Hurricane Ida could become costliest weather disaster: UN
Hurricane Ida could become costliest weather disaster: UN
GENEVA (AFP) - Hurricane Ida, which slammed into the US Gulf Coast at the weekend, could become the costliest weather disaster on record, the UN said Wednesday, hailing though that prevention measures had dramatically limited casualties.
Louisiana and Mississippi are still taking stock of the disaster inflicted by the powerful Category 4 storm that hit exactly 16 years after Hurricane Katrina made landfall and devastated the area.
Ida is known to have killed four people, although the death toll is expected to rise, and knocked out power for more than a million properties across Louisiana.
"There is a chance that the economic cost will be higher then Katrina," Petteri Taalas, who heads the UN’s World Meteorological Organization (WMO), told reporters in Geneva.
He pointed as an illustration to the "major damage to the electric system in Louisiana."
Until now, Katrina, which killed more than 1,800 people and destroyed large parts of New Orleans, had been considered by far the costliest weather-related disaster.

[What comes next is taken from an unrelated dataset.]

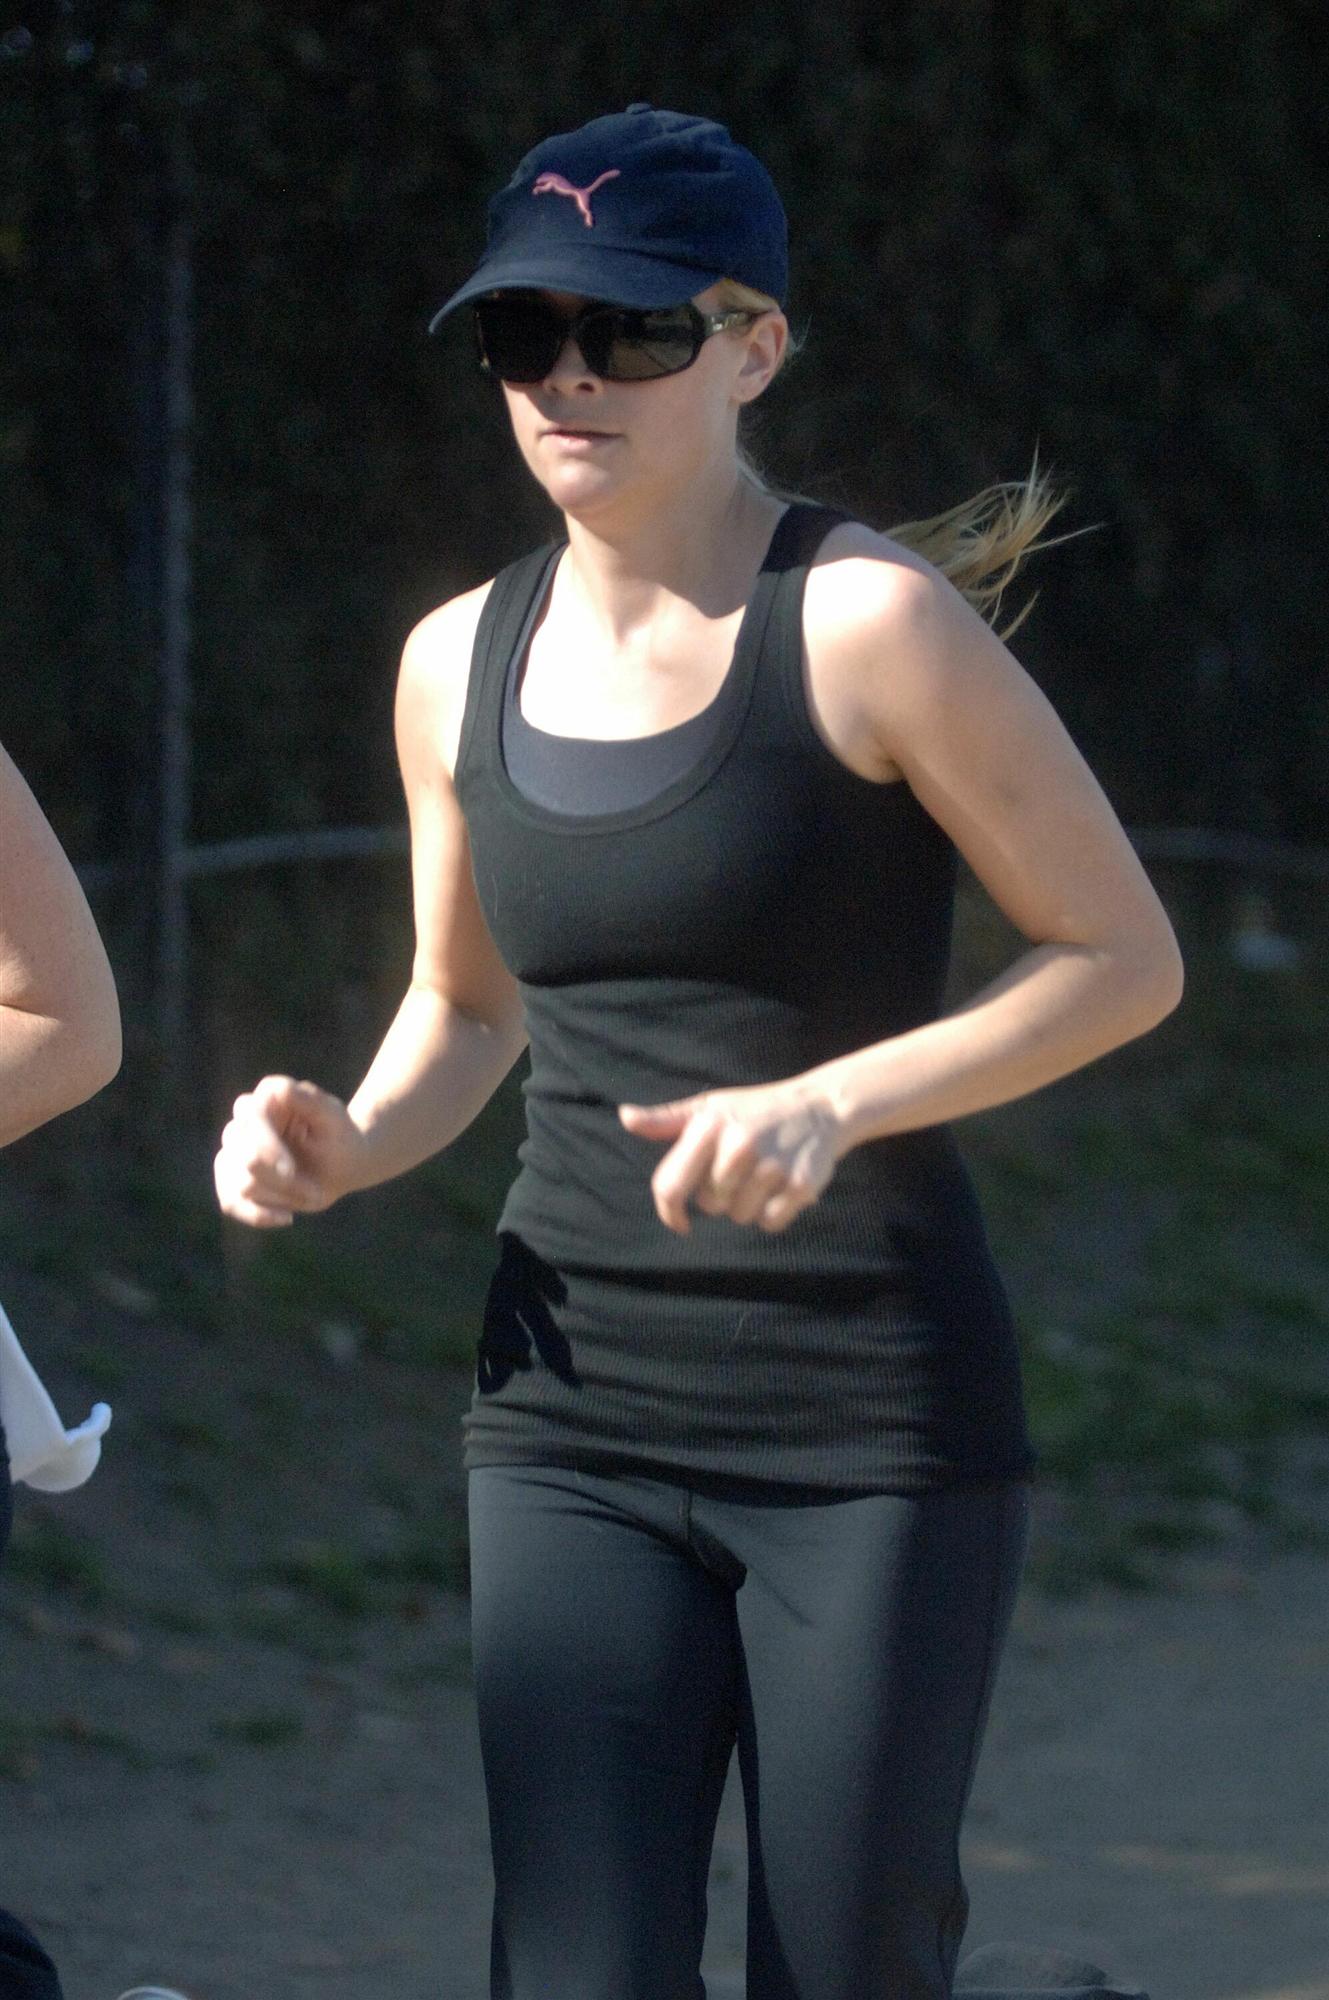 Reese Witherspoon Jogging1.jpg
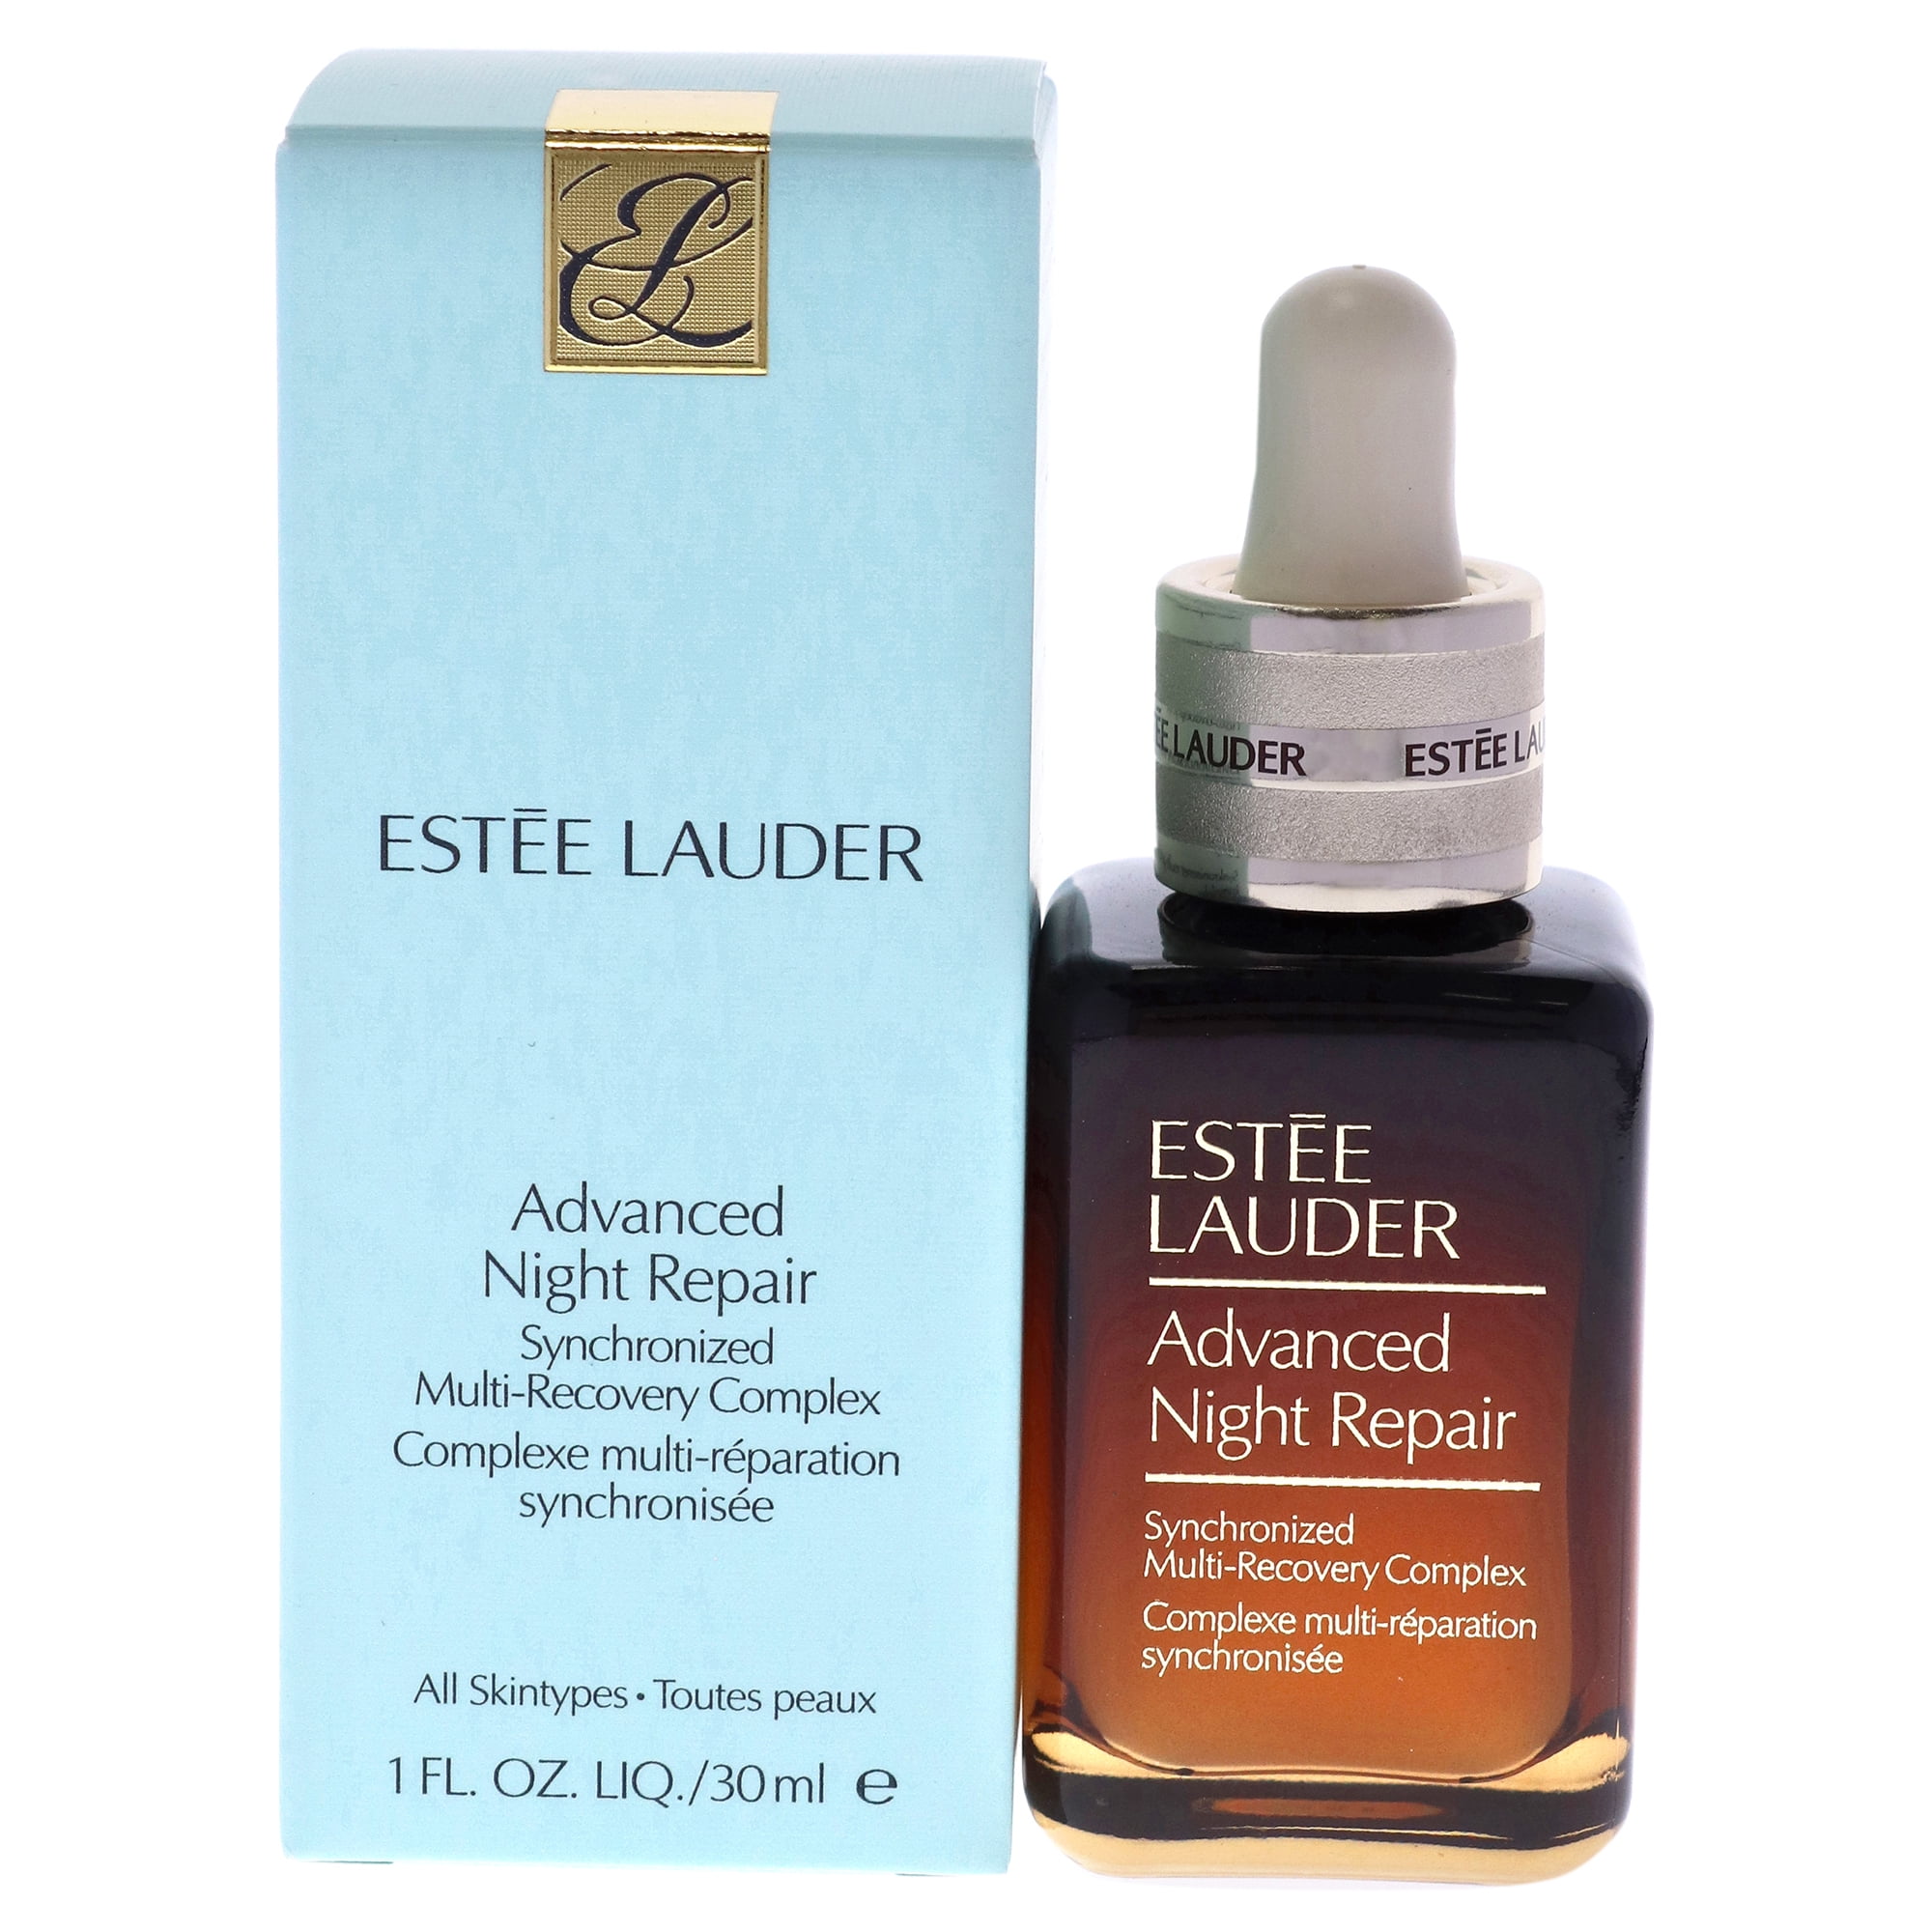 Estee Lauder advanced night repair synchronized recovery complex ii for all  skin type, 1.7 Ounce/50Ml, Brand New - Walmart.com

A fresh WMO report that examined mortality and economic losses from weather, climate and water extremes between 1970 and 2019, found that Katrina had raked in nearly $164 billion in economic losses.
Currently, hurricanes Harvey and Maria, which both hit in 2017, are considered the second and third-costliest weather-related disasters, carrying price tags of nearly $97 billion and over $69 billion respectively.
Taalas said it would likely take a month or more before a full cost estimate for the losses caused by Ida could be made.
But he hailed that improved early warning and flood protection systems as well as evacuation procedures appeared to have saved numerous lives.
"The good news when it comes to Ida is that the casualties as compared to Katrina, they were much lower," Taalas said.
Mami Mizutori, who heads the UN office for disaster risk reduction, agreed.
She told reporters that the differences between the impacts of the two storms showed the importance of investing in prevention.
"The economic loss indeed will be quite big, but the good news is that ... the mortality has been very, very low, and this is because the city of New Orleans and Louisiana ... invested in prevention."
What had made the biggest difference since Katrina, she said, was the $14.5 billion invested in building flood walls and levees as part of a new "hurricane and storm damage risk-reduction system."
"They did not wait for another century to do this. They did it very quickly."